Skittish Investors Toss Their Chips

 

First-quarter earnings have offered no shortage of sunny news to bolster tech stocks. Trouble is: nobody cared, judging from the sea of red last week.

The bloodbath has been worst in chip stocks: Last week, the Philadelphia Stock Exchange Semiconductor Index sank 9.2%, falling below its 200-day moving average. The bellwether chip index now resides more than 20% below its January peak of 560; technically speaking, that's bear market territory.

Above all, investors are seeking to avoid the losses of the last tech bust, when many held on too long as cyclical stocks entered a brutal downturn. Currently, investors in the most volatile segment of tech -- semiconductors -- are rushing to take profits at what many consider to be the peak of the industry's upcycle.

"The real money to be made in deep cyclicals like semis was when things looked bleak about a year ago. It's hard to at this point in the cycle," said Chris Casey, head of portfolio management at Boston Private Bank, an investment management firm with $1.95 billion in assets.
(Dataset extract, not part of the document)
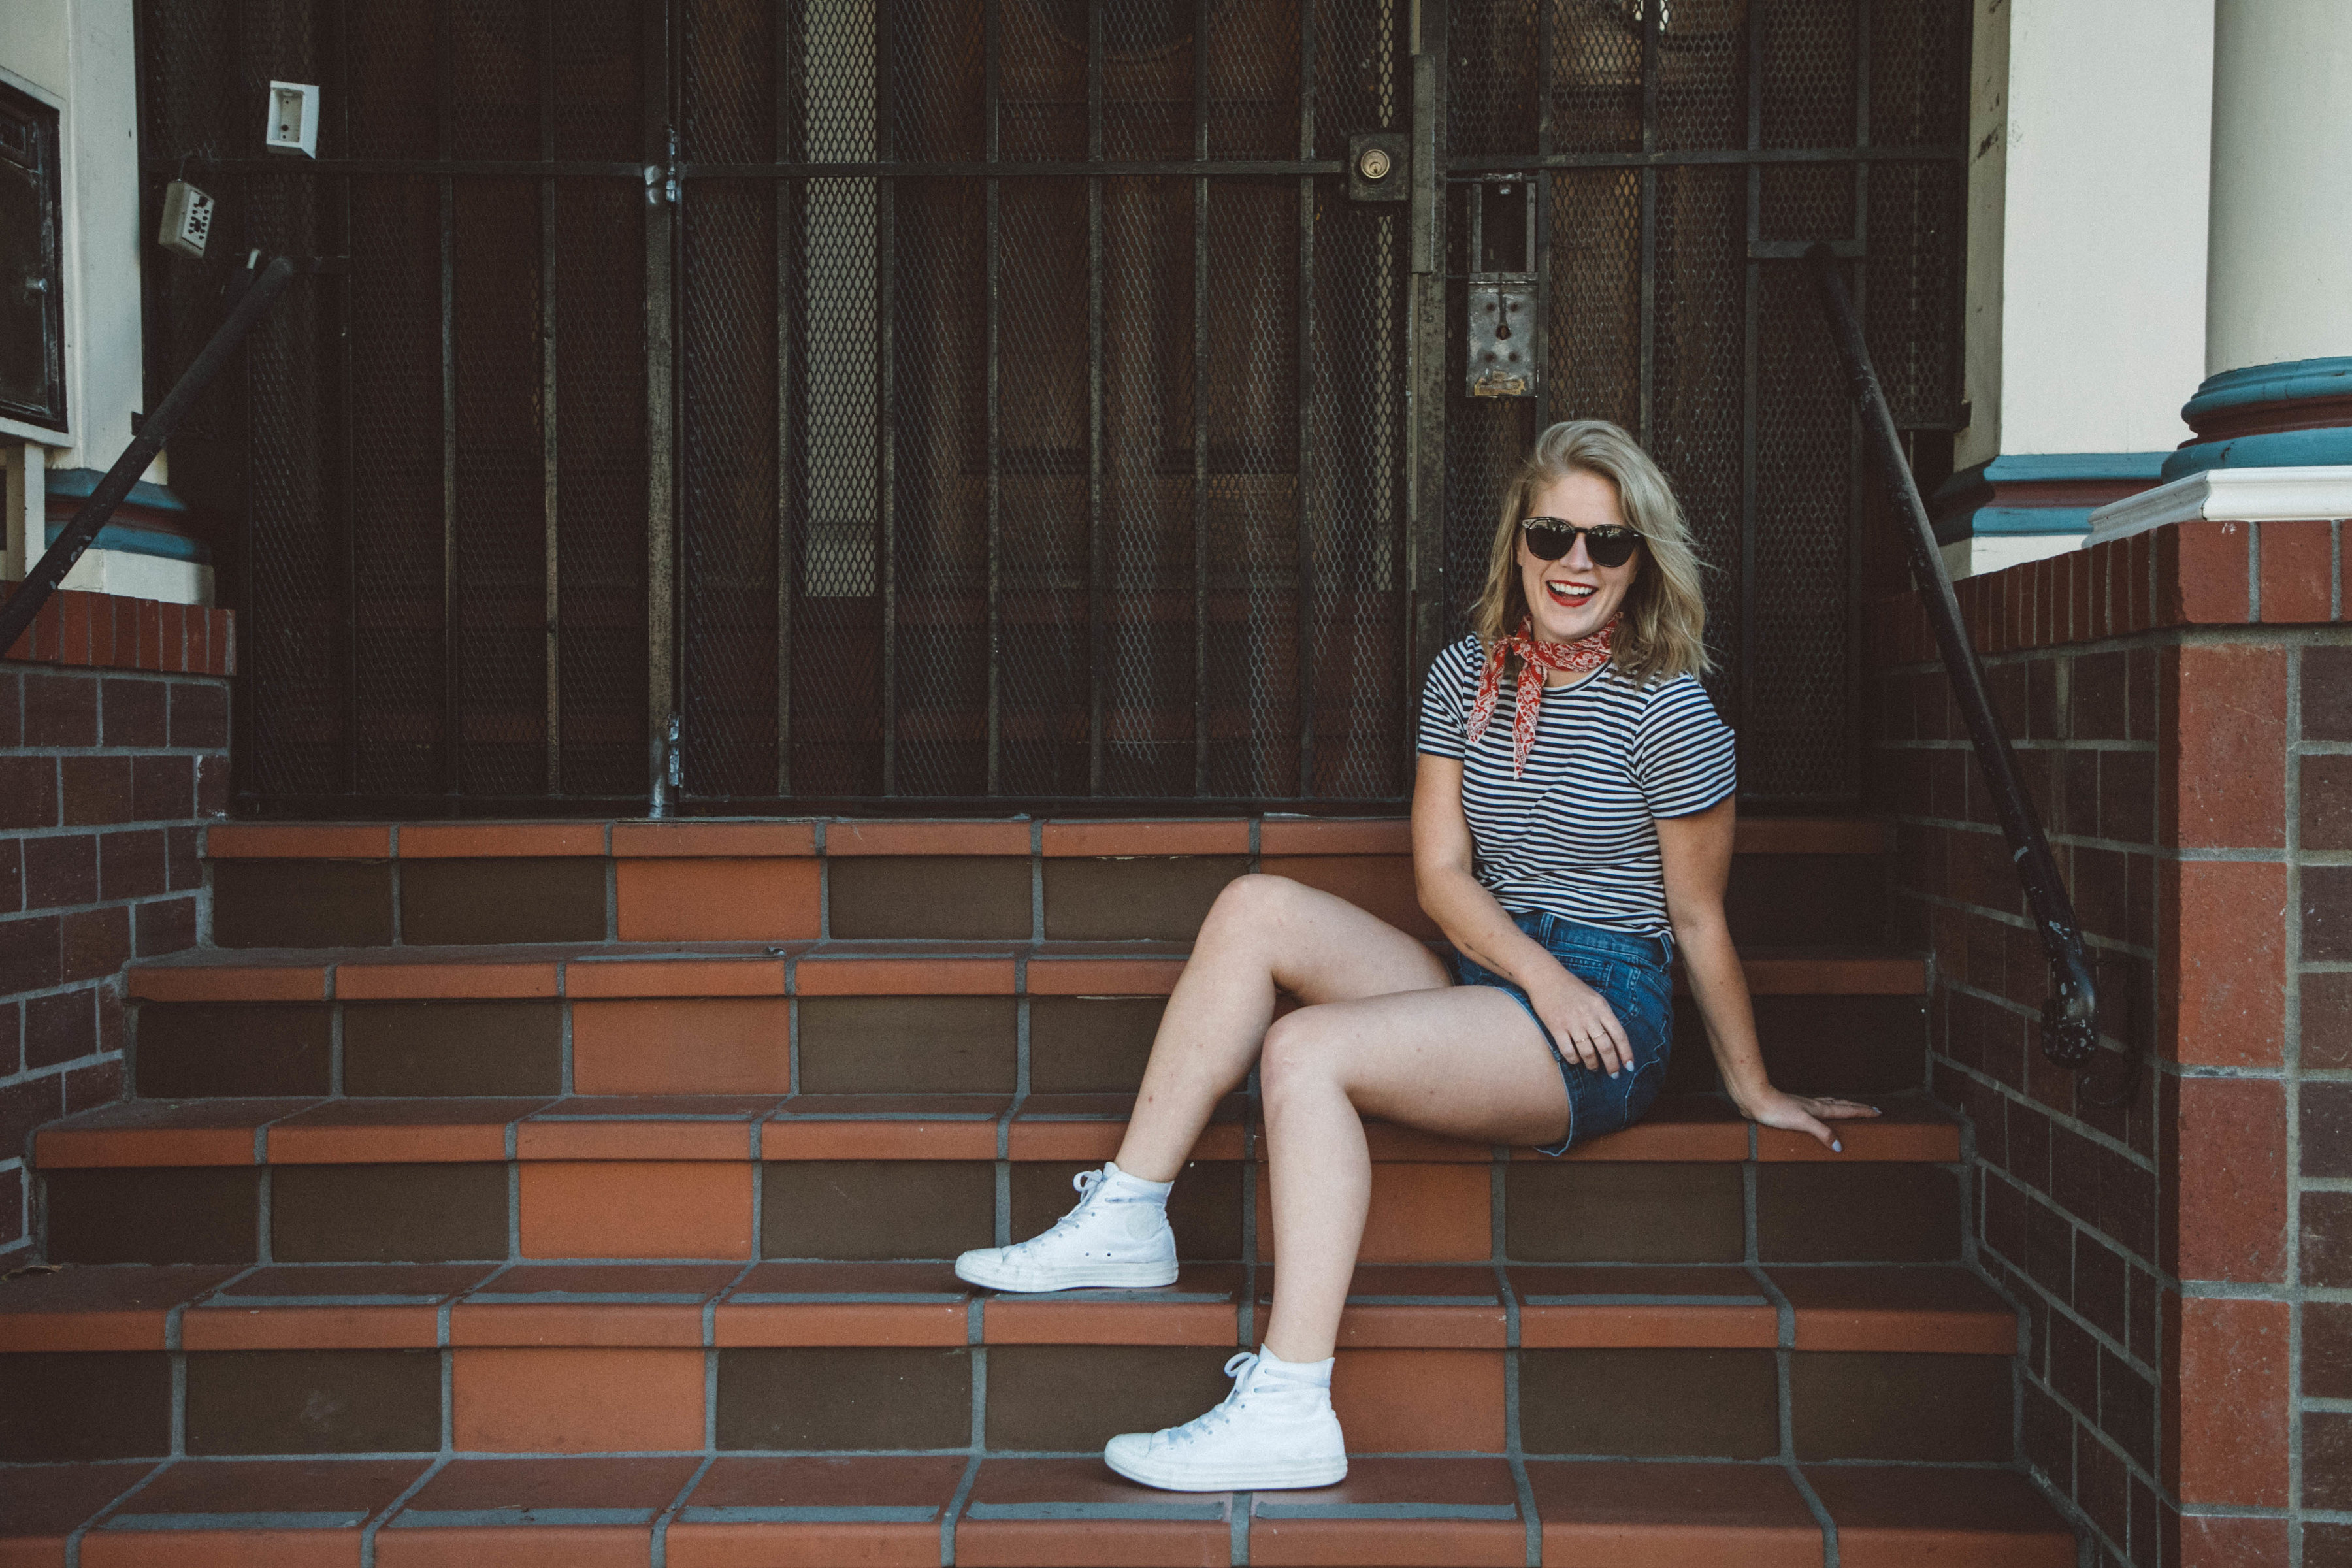 Happy 4th of July! // Celebrating in Everlane Stripes, Madewell Denim Shorts and Converse High Top Sneakers.
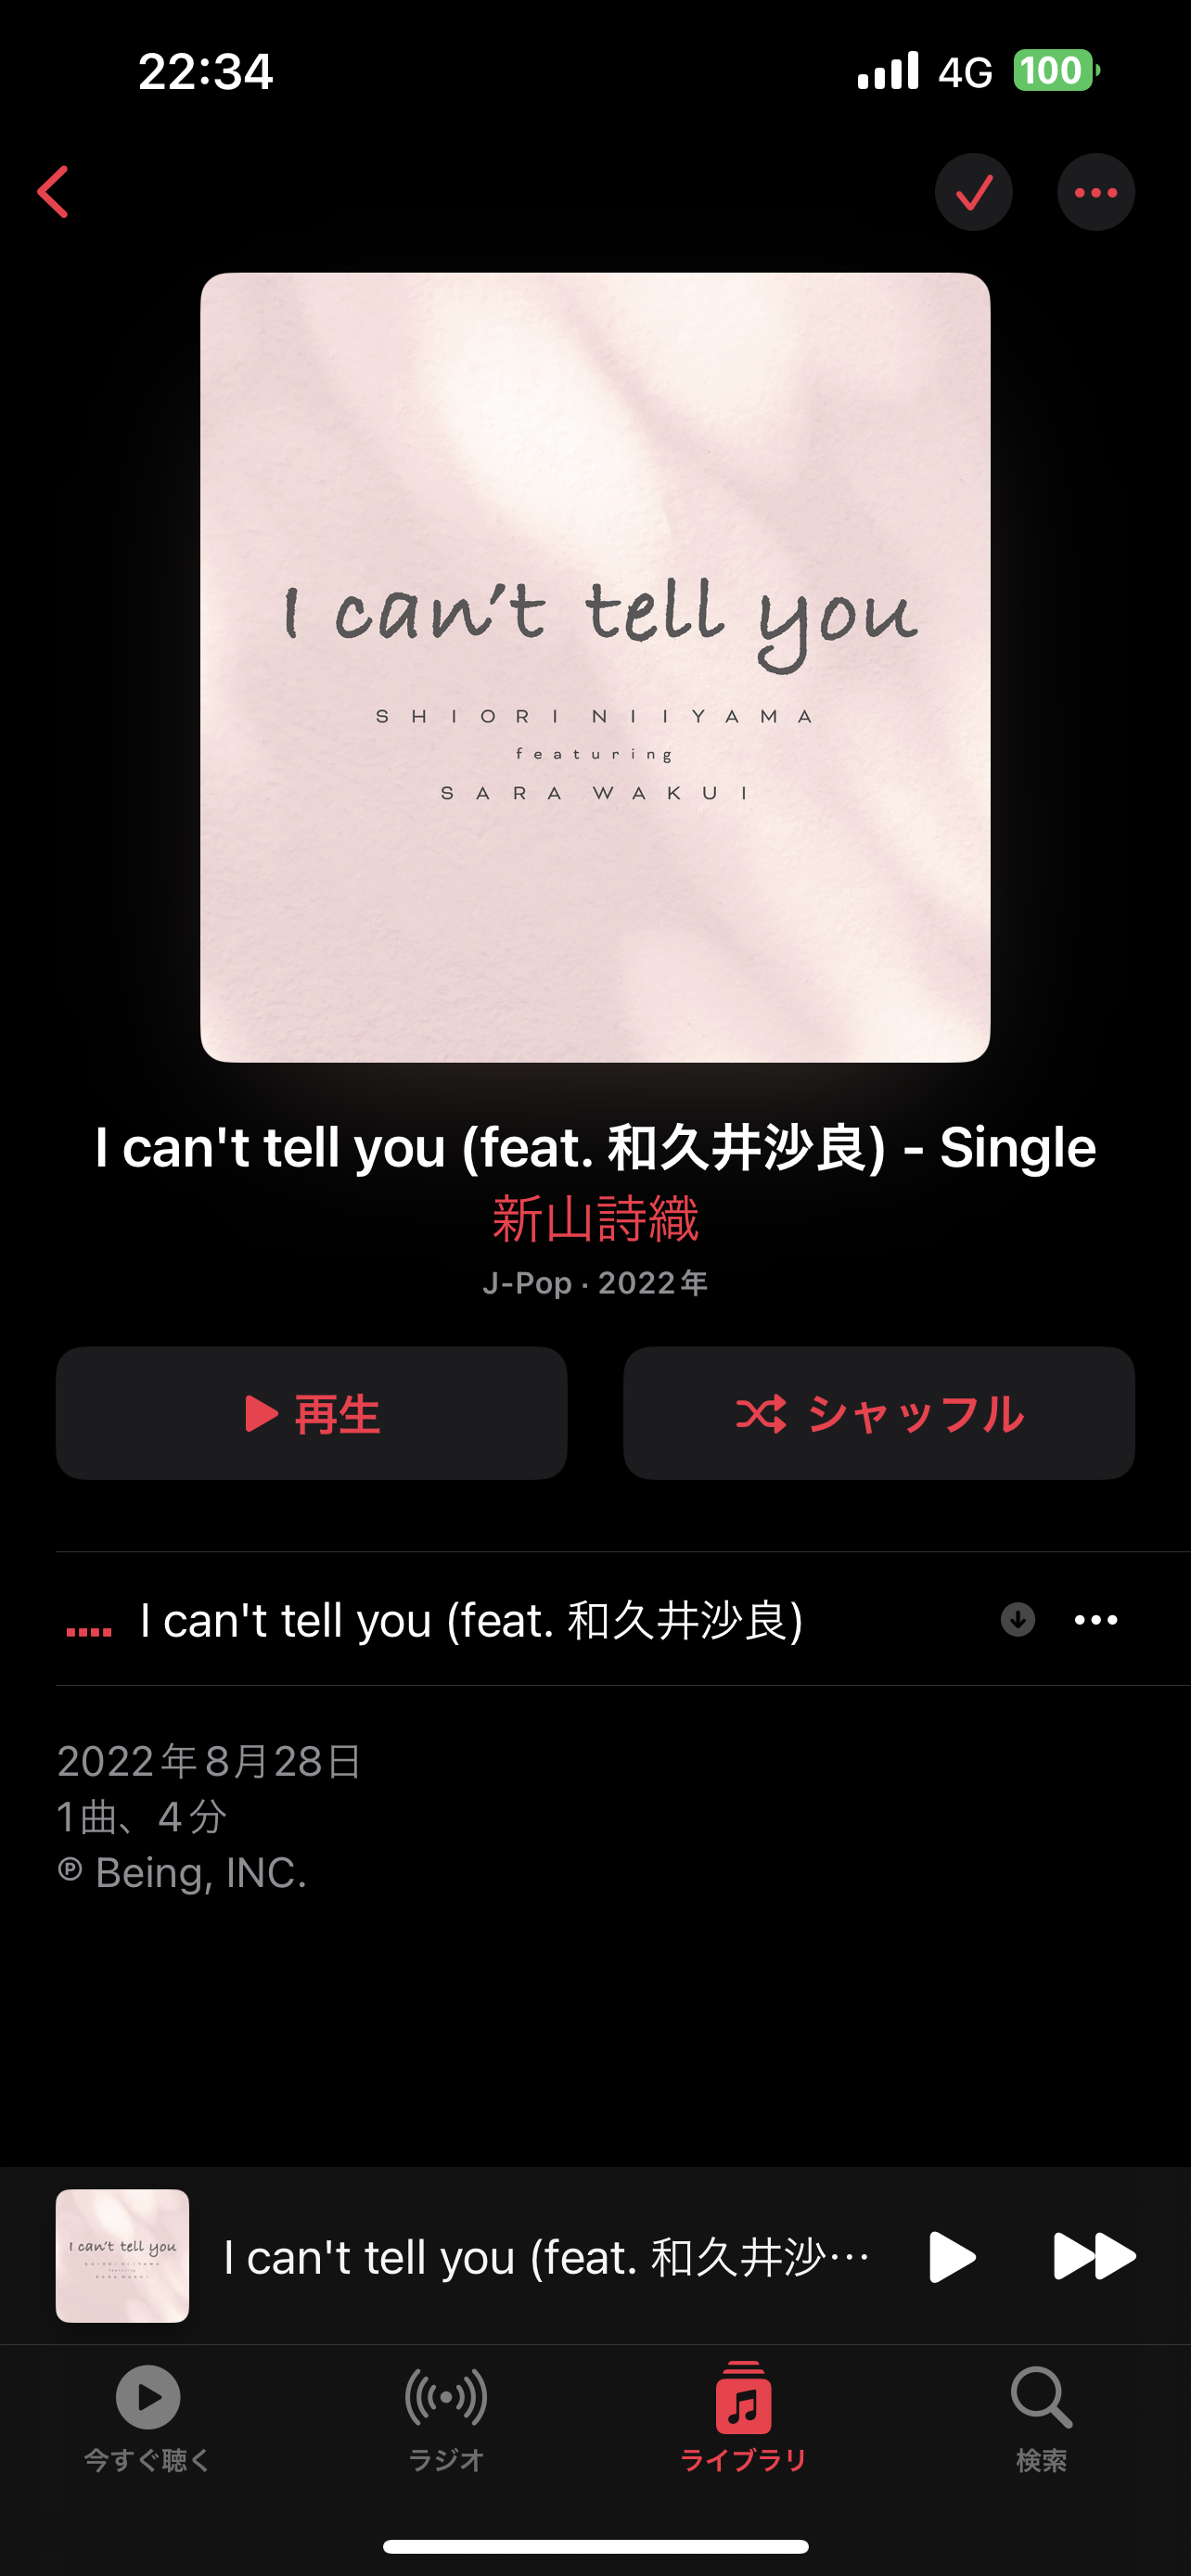 I can't tell you (feat.和久井沙良)

More proof that Wall Street has grown much harder to please emerged Friday, when the SOX sank 1.6% to 443 despite better-than- expected quarterly sales guidance from leading global foundry Taiwan Semiconductor(TSM Quote). Normally, chip investors would be cheered by news of unexpectedly strong demand.

In fact, a slew of companies recently bested Wall Street's sales expectations only to see their shares take a hit, including chipmakers Skyworks,(SWKS Quote), Texas Instruments(TXN Quote) and Xilinx,(XLNX Quote), as well as chip-equipment plays Novellus(NVLS Quote) and Lam Research(LRCX Quote).

The market's dismissal of sunny forecasts reflects what Bernard Diggins, a partner at the investment management firm of Gardner Lewis, described as "more rational analysis on multiples" amid concerns about interest rates and capacity utilization.

Higher interest rates make stocks relatively less attractive to Treasuries, where yields have risen sharply in anticipation of Federal Reserve tightening. Rate hikes would also hurt stocks by increasing the cost of capital, making it harder for companies to finance expansion. With relatively little debt, tech companies would be less directly affected than other sectors. But rising interest rates could dampen demand from potential technology customers if companies and consumers are forced to earmark more of their cash to service debt.